Let’s say you open a new chat with ai and say tell me a story.
The ai responds with a story. You then ask it to continue the story.
This entire chat history is continuously resent to the ai to run through as if it all one text file. Your system prompt (typically “you are a helpful agent….”) and all other “context” given to the ai. So as your conversation gets longer you use more and more context until you start a new chat. Because the entire context is processed at once as if it all was a new chat, it gets slower and slower as the context fills up.
Gemini context window can hold 1M tokens , compared to most models that have 128k-200k this is huge, roughly 2.500 pages of text. This is a key demand of something like a d&d campaign that goes on for a very long period of time. You can’t restart a new chat and continue the adventure without feeding it the previous parts of the story. This is the main limitation of ai for story development, gaming, and things like movie writing.

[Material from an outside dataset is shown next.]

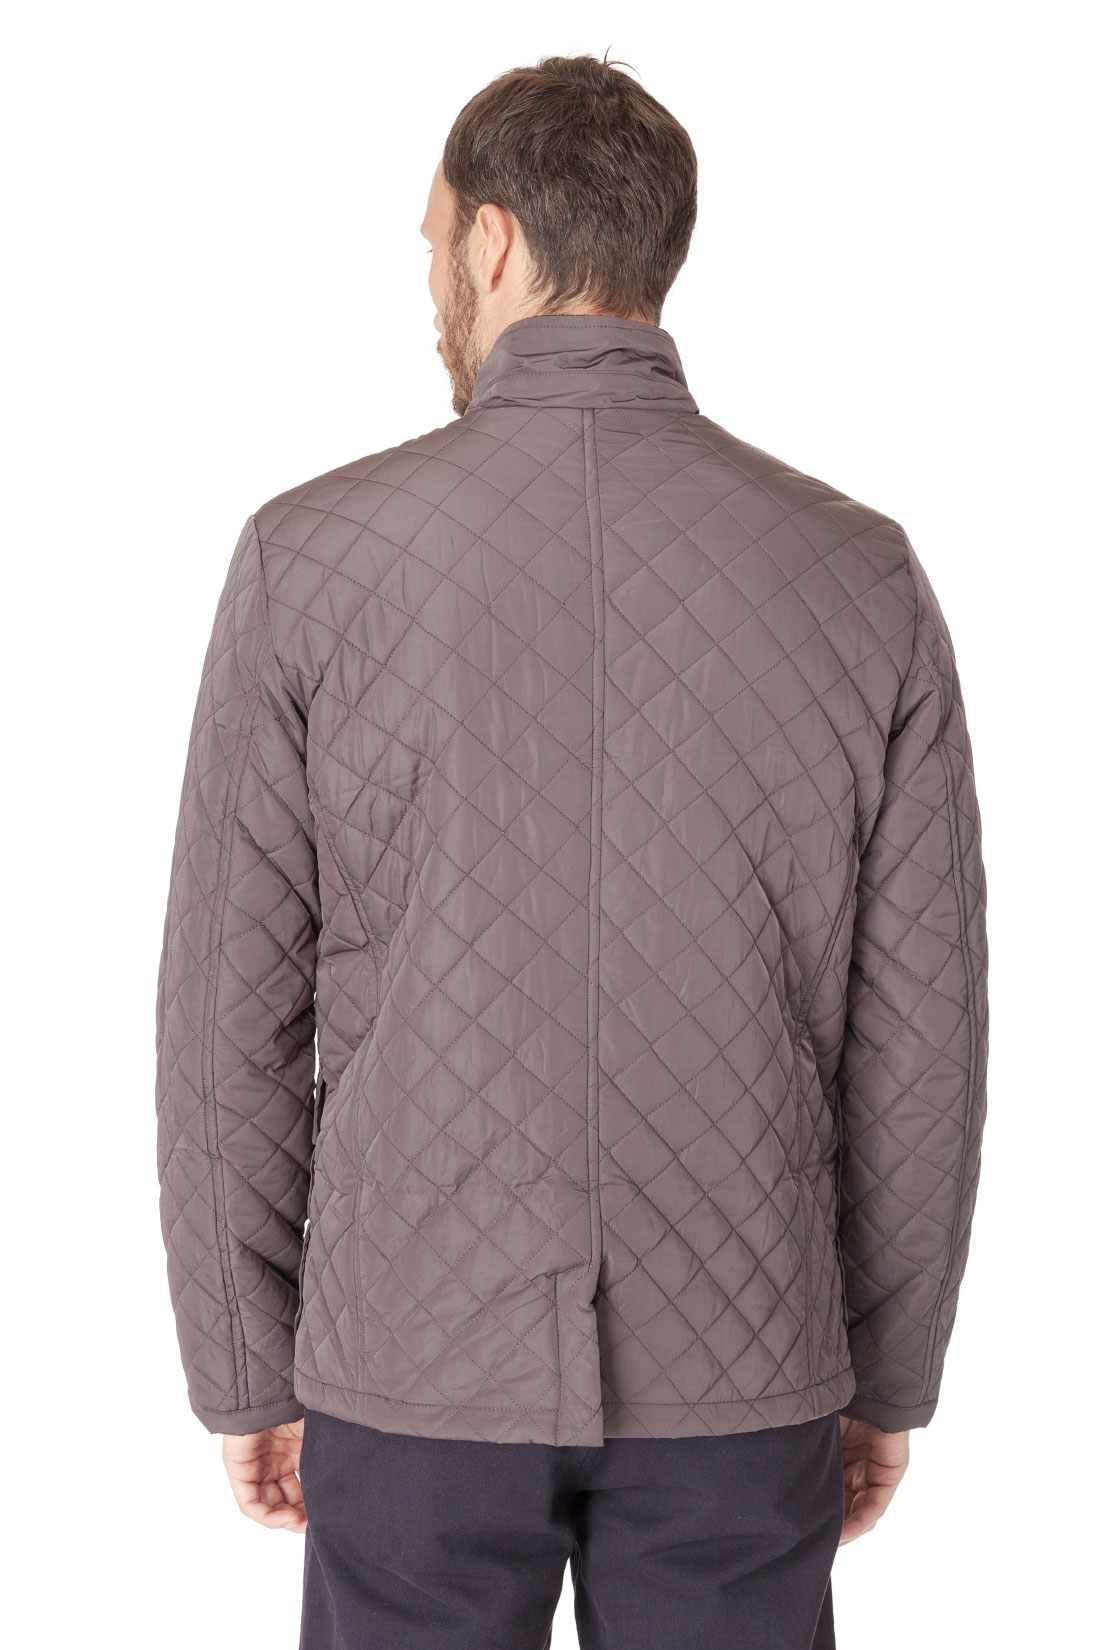 Классическая стёганая куртка (арт. baon B537023), размер L, цвет серый Классическая стёганая куртка (арт. baon B537023) - фото 2

That helps tremendously. Thanks. I get it now. It has to read what it already wrote before it can write the next thing. It doesn't just remember what it wrote earlier and adds to it. So by the end of your session, it was reading everything it had written since the start before it could take the next action.
Yes. The entire context gets pushed through the neural network every time you respond.
There are some tricks that can be done to compress the context when it starts filling up the window while retaining much of the meaning. Think of it like summarizing the previous conversation so you start a new chat session while keeping most of the information but with much more context window available to use.
As you fill the context window it gets slower and slower to respond and for public services like ChatGPT you blow through your quotas really fast. You might only type in line to ask the ai another question but the pages and pages of the chat keep getting reprocessed. This is a major limitation with story telling and programming.